5. Invest in Real Estate Notes

Buying mortgage notes from lenders is another way to invest in real estate without buying or managing property. When a homeowner gets a mortgage, they must sign a promissory note with the lender, assuring that they will pay back the money. While the mortgage is being paid, lenders will often sell these promissory notes to investors to increase their cash flow to make more loans. Investors purchase the debt that is yet to be paid on loan but can typically get it at a discount. Once you purchase the debt and underlying security, you can collect the interest on the mortgage.

Buying notes is a relatively low-risk way to earn passive income from a property without actually buying it. But if the borrower defaults on the loan, it’s your responsibility to go through the foreclosure process. Then, if you have to auction the property, you may lose money, depending on how much you paid for the note. So there are more risks associated with buying notes than with purchasing REITs or ETFs.

6. Invest in Real Estate Company Stocks

There are also a variety of other real estate-related stocks you can invest in on your own to earn consistent dividends. Real estate is a dynamic industry with many smaller industries under its umbrella. Stocks like Zillow, Re/Max, and CBRE Group are popular picks, although hundreds of other companies focused on real estate make a good pick.

There are tech companies, developers, brokerages, financial companies, and builders you could research to choose a well-diversified portfolio. It may be a bit more challenging to pick the stocks on your own than other similar methods. But if you are good at picking stocks, you have the potential to make more money if you make an intelligent investment.

You can also decide to invest in a varied portfolio of REITs, ETFs, and other real estate-related stocks. However, you choose to structure your portfolio, buying real estate stocks is another smart way to invest in real estate without buying property.

7. Master Leasing aka Rental Arbitrage

How Much Profit Should You Make on a Rental Property_

Master leasing, also known as rental arbitrage, is when you lease someone else’s property and then rent it out to other tenants on a short-term basis. With the rise of short-term rental apps like Airbnb, you can often rent a property for a significant markup over what it would cost to rent it on a long-term monthly basis. Master leasing is when you lease a property, sublet it to tenants on apps like Airbnb, Craigslist, or VRBO and pocket the difference.

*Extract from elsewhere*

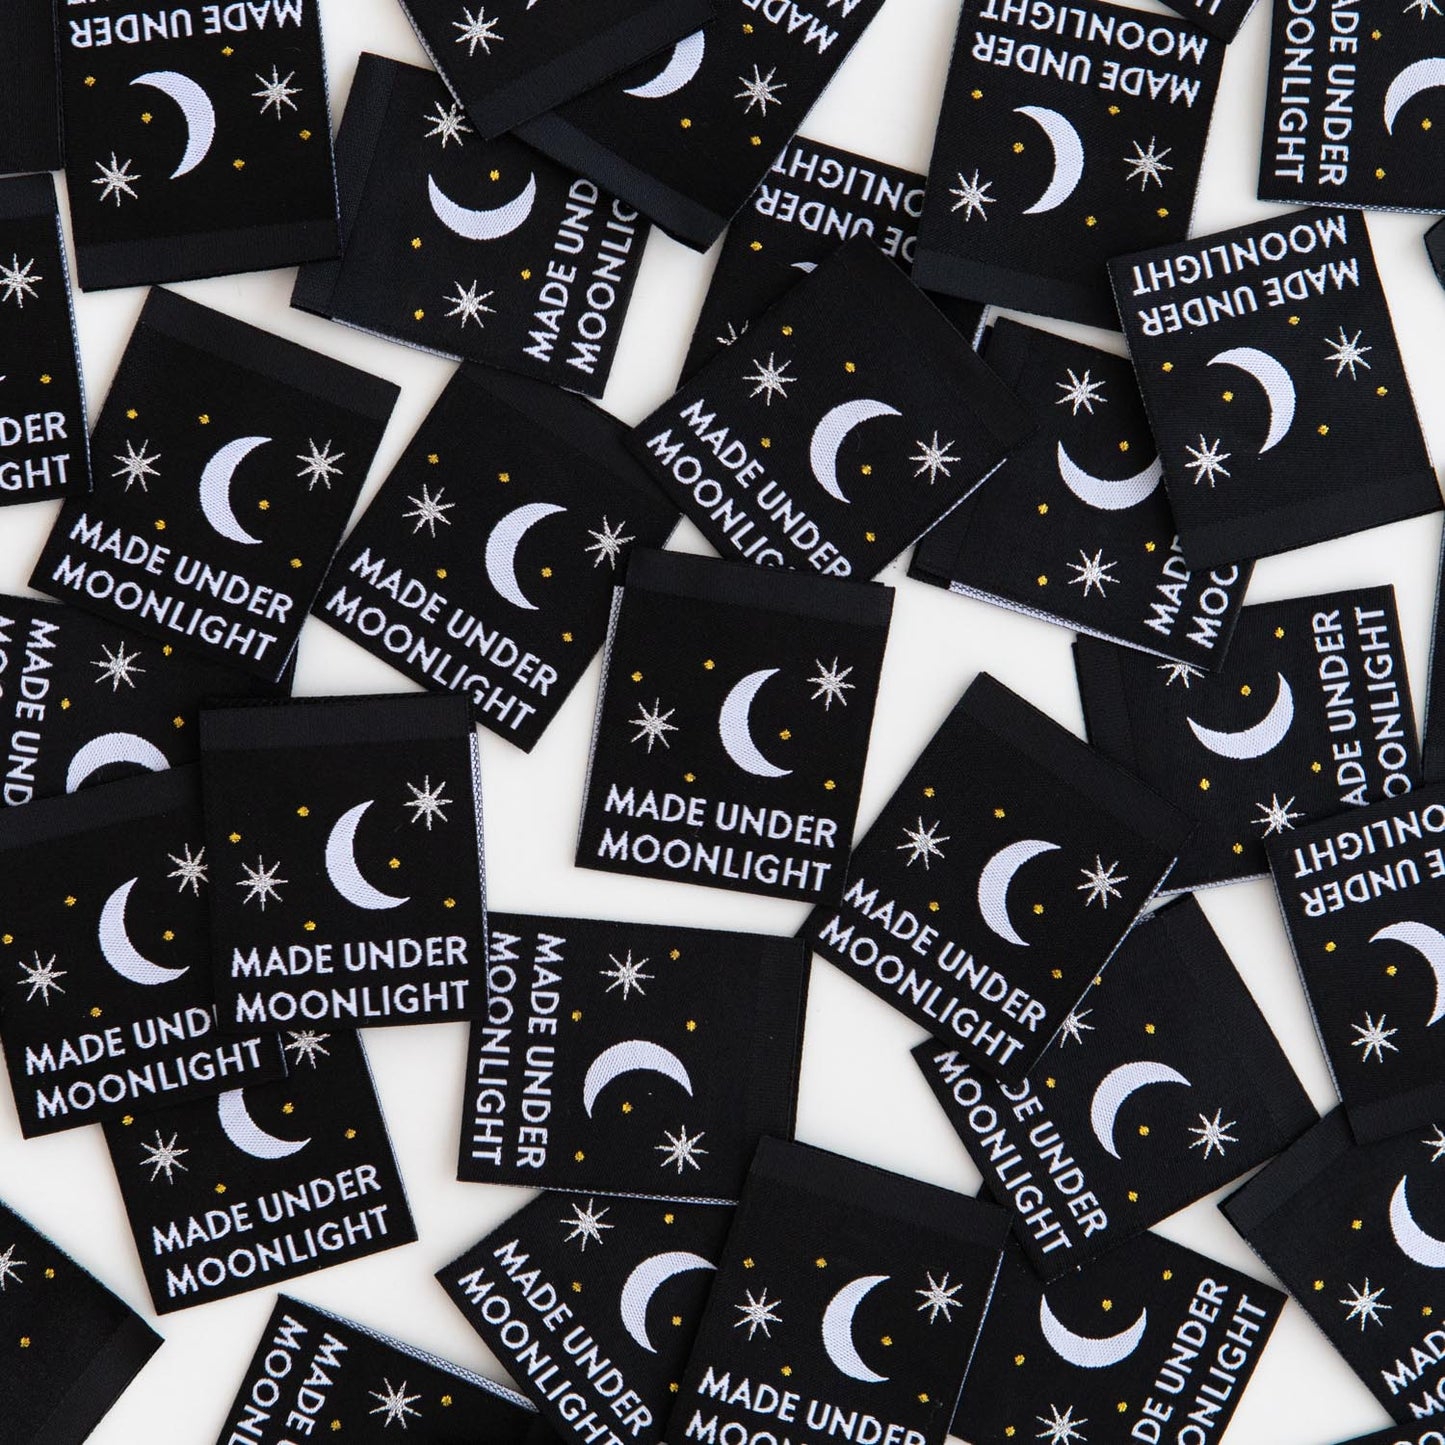 Made Under Moonlight Woven Labels - Sewing Woven Clothing Tags

In popular vacation destinations and tourist areas, you can often charge $100+ per night, while the price to rent the property monthly may be half that. You must pay for the furniture, utilities, and WiFi, but beyond that, you won’t have many other expenses.

However, you must get permission from the landlord to run this type of business. Some landlords are not comfortable with frequent subletting, and there are cities with strict laws about short-term rentals. So, make sure to do your research before deciding on a particular area.

Master leasing is a simple strategy that you can perform without ever purchasing a property. But it does carry its risks, as there may be extended periods of vacancy, which will make your income unpredictable. So, make sure you have a solid game plan before giving it a try.